2.2.2.64 - 2.2.2.75/32

would i be correct to advertise the network as 2.2.2.64 0.0.0.127?.

Because all i could come up with from your explanations was that,we summarise given addresses and then minus it from 255.

Again, does that mean that if the same question was asked but now with 64 sitting in the third octet i.e 2.2.64.0 - 2.2.75.0/24

Would i then be correct to advertise the network as 2.2.64.0 0.0.127.0?

Kindly accept my apologies in advance if at all my question is becoming a pain to anyone.

Regards

not quite there yet...

with a 2.2.2.64 0.0.0.127 you would probably get an error message saying incosistant network/mask (something like that)

I wildcard mask of 0.0.0.127 translates to 255.255.255.128 mask (or /25) with that mask you can only break it down to two available networks

ex:

You have the private class C of 192.168.1.0 /24. You want to break it down to two subnets, they would then become

192.168.1.0/25 (.1-.126 are usable)

192.168.1.128 /25 (.129 - .254 are usable)

so for the statement you included, it would become 2.2.2.0 0.0.0.127 or you could get alot more specific & do something like 2.2.2.64 0.0.0.15 (which would cover .64 - .79)

As for you example with the 64 in the third octect, that isn't quite correct either. You cannot have the 64 in the third octect with a wildcard mask of 127 in the 3rd octet...Also, once you put a number other than 0 in the third octet, then the 4th octet in the wildcard mask automatically becomes 255.
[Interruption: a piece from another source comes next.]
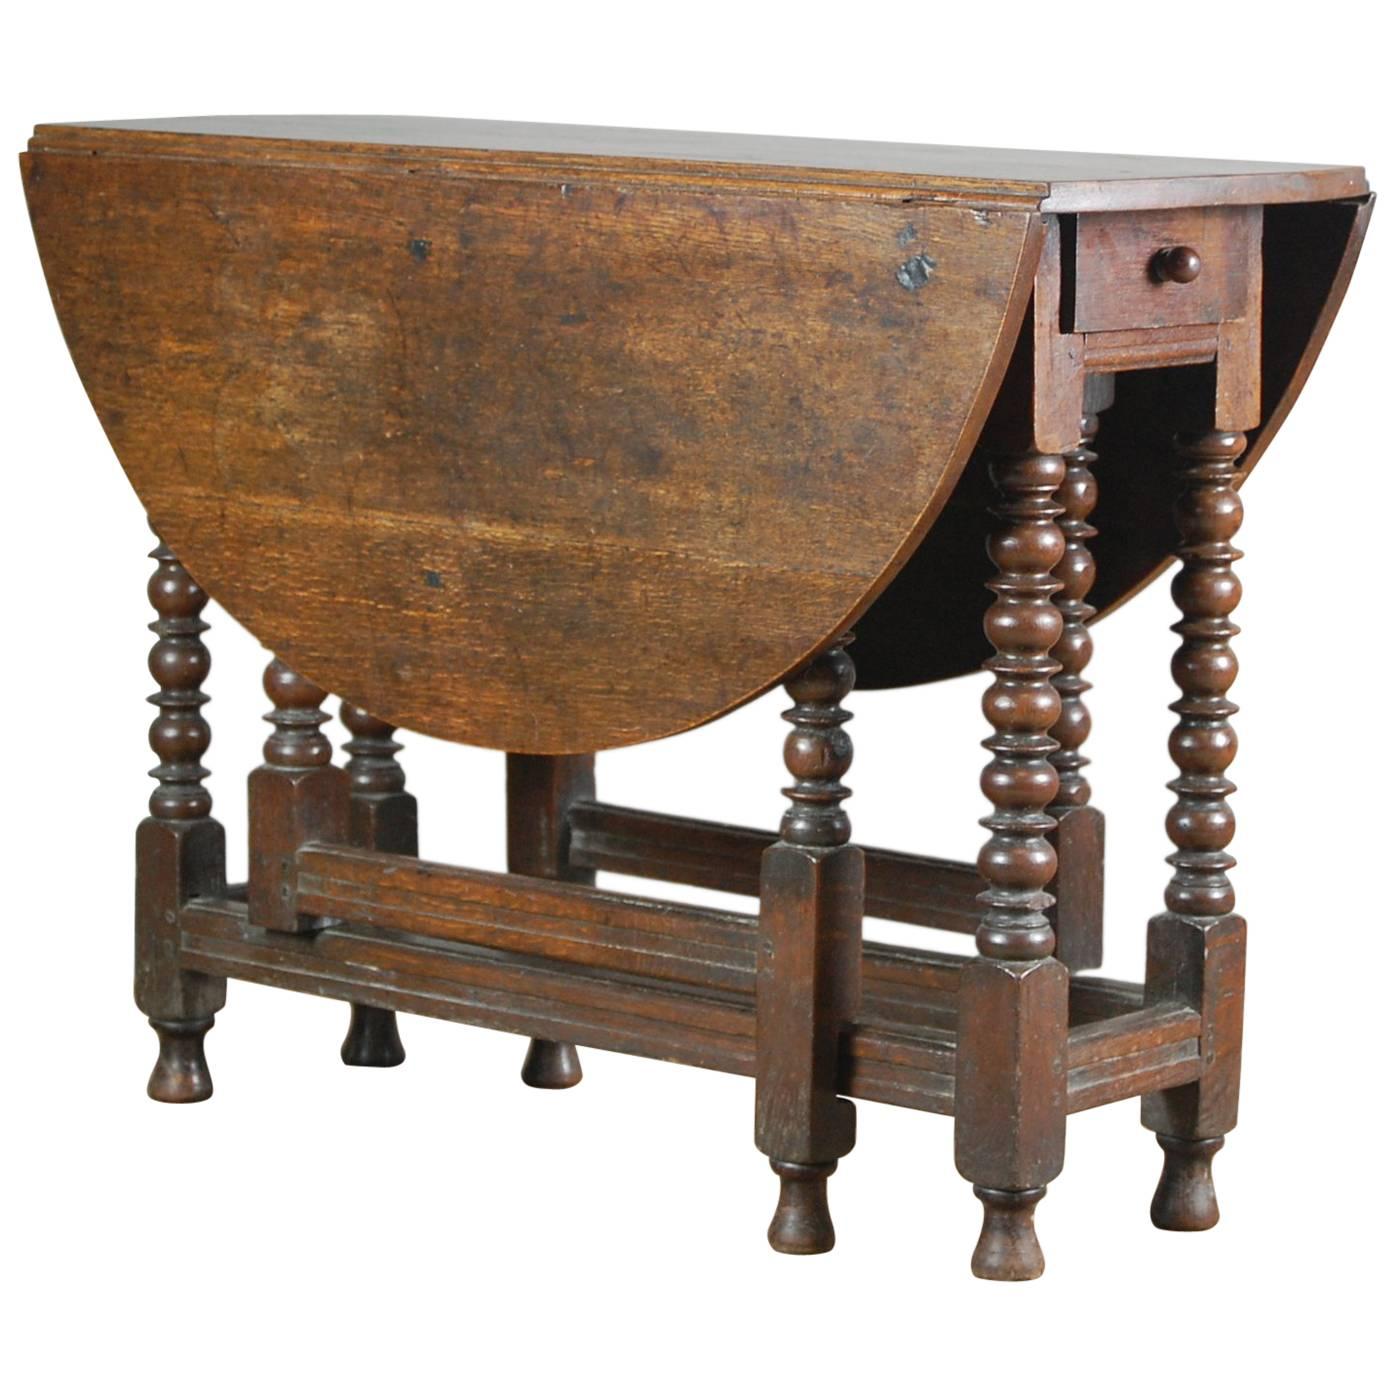 Early 19th Century English Oval Gateleg Table

With an example of 192.168.1.0 255.255.255.0 (/24)

When you have the wildcard mask for this, it would be 0.0.0.255. The reason for that is everything is reversed

192.168.1.0 = network number

192.168.1.1 - .254 = usable hosts

192.168.1.255 = broadcast address

You figure out this info from the combination of the address & the subnet mask

With the wildcard, you still figure out the same info

subnet 192.168.1.0

wilcard 0.0.0.255

What the 0 in the first octet represents is that your address has to match exactly to the 192

The 0 in the 2nd octet means you have to match exactly to the 168

The 0 in the third octet means it has to match exactly to the 1

The 255 in the last octet, means it can be any number within the range.

This logic is the complete opposite of a normal subnet mask. In a normal subnet mask. 255.255.255.0...The 255's must match & the 0 can be anything.

I know it seems confusing but once you get the hang of it, it is pretty easy. You really need to start out with understanding subnetting before going on to wildcard masks & supernetting (you attempted supernetting in your 2nd example)

To try and help with the subnetting....

Take the binary number 11111111. In decimal form it is 255.

Each of these ones have a numerical weight to it

128 64 32 16 8 4 2 1 (number weight)

1 1 1 1 1 1 1 1 (binary number)

Add up the number weights is how you get to 255

Take the subnet 192.168.1.0 255.255.255.192 (62 usable hosts) You can figure out the usable hosts by calculating the binary value

192 = 11000000

Look at the number weight above your last one which is 64 then subtract two (network & bcast). The ones represent your network portion & the 0's represent your hosts portion. When all ones, it represents a bcast address.

So if you were to break down the 192.168.1.0 255.255.255.192 (/26) into usable subnets it would look like this...

192.168.1.0 /26

192.168.1.64 /26

192.168.1.128 /26

192.168.1.192 /26

so it is broken down into 4 usable subnets. Each subnet with its own network, hosts, bcast.

After you understand this, subnetting & supernetting will fall into place.